Georgia will have three consecutive home games ― against Auburn, Massachusetts and Georgia Tech ― to end the upcoming 2018 season, so there are positives and negatives.
Georgia athletic director Greg McGarity said the matter has come up for discussion before and continues to. In fact, SEC athletic directors are meeting this week in St. Louis as they do every year during the SEC men’s basketball tournament. But he said as long as the league maintains an eight-game conference schedule, it’s difficult for them to do much different.
McGarity’s latest response to the question of whether Auburn could flip back to playing Georgia in Athens in odd-numbered years was only “perhaps.” He answered that question in slightly more detail before last season.

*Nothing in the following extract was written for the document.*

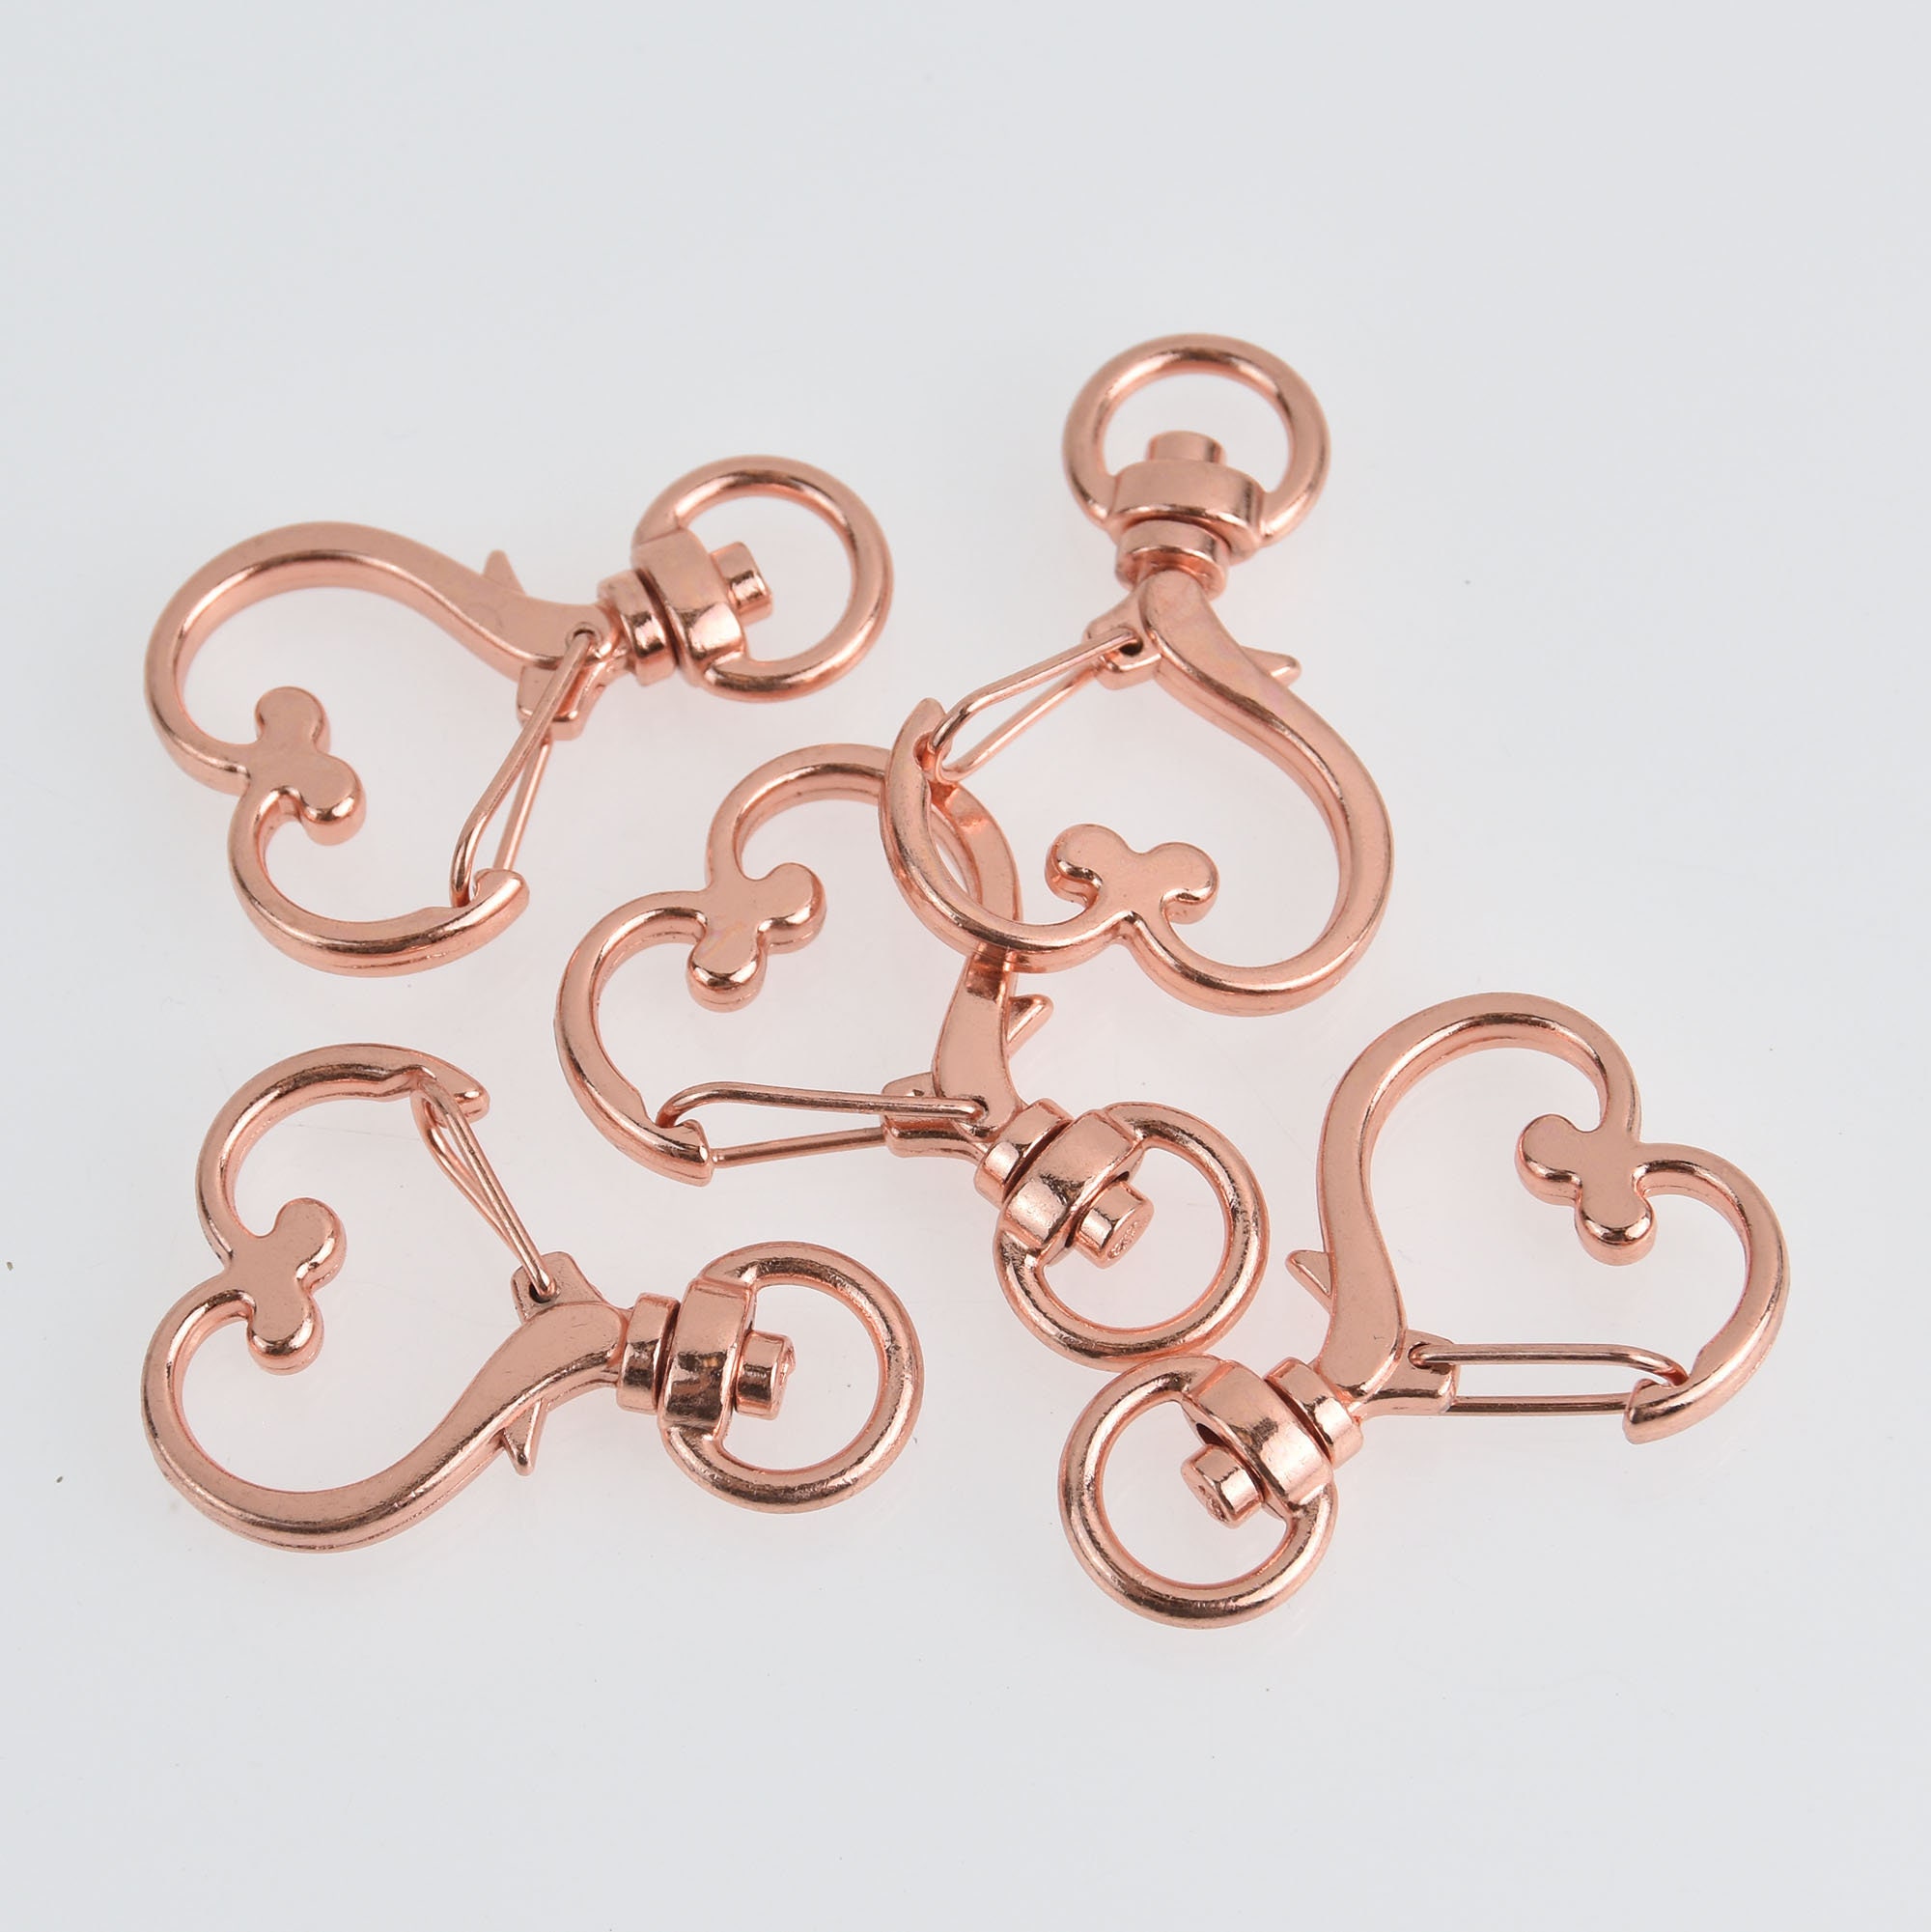 5 Rose Gold Key Chains With Heart Clasp, Swivel Lobster Key Chain Clasp  Fin1070 
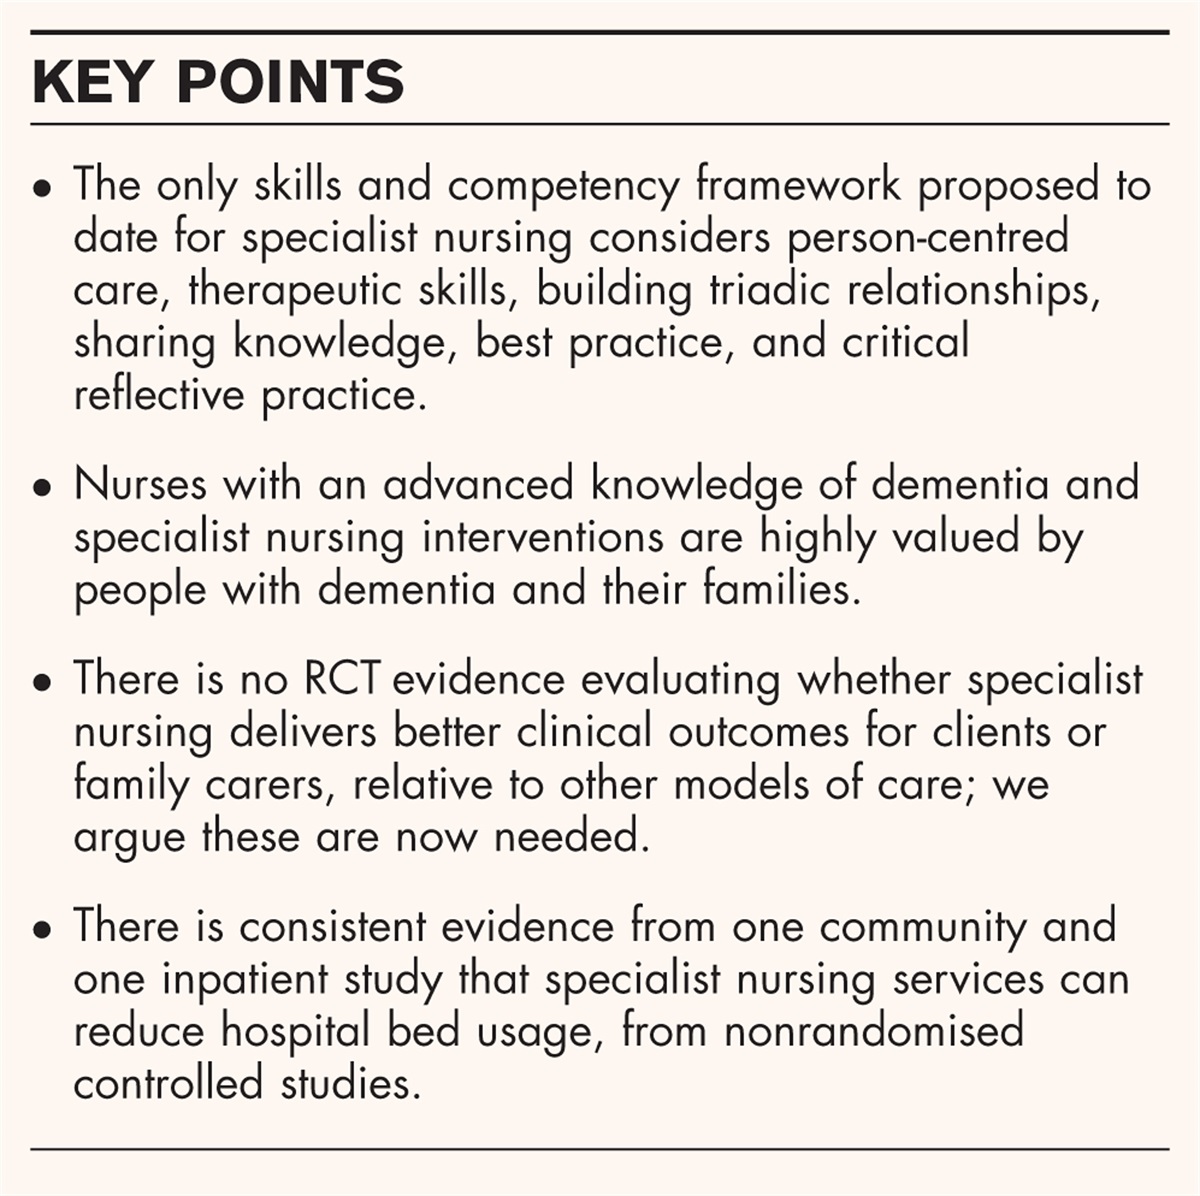 Specialist dementia nursing models and impacts: a systematic review

“I think everything’s on the table in the future regarding SEC scheduling,” he said. “Every meeting we have, we talk about scheduling and what we need to consider. We know we are committed to an eight-game schedule for the next few years. Will that change? Who knows? I think we have a group of ADs that are willing to listen to other alternatives.”
In the meantime, the 2018 schedule is set. The good news for the Bulldogs is they won’t have to go on the road again in the regular season after returning from Kentucky on Nov. 3. The bad news is they might not have an attractive home game after Halloween in 2019.
Nevertheless, Georgia has won four of six versus the Tigers since the switch, not including the victory in the SEC Championship Game in 2017. So the Bulldogs continue to lead the “Deep South’s Oldest Rivalry” 58-56-8 after 126 years.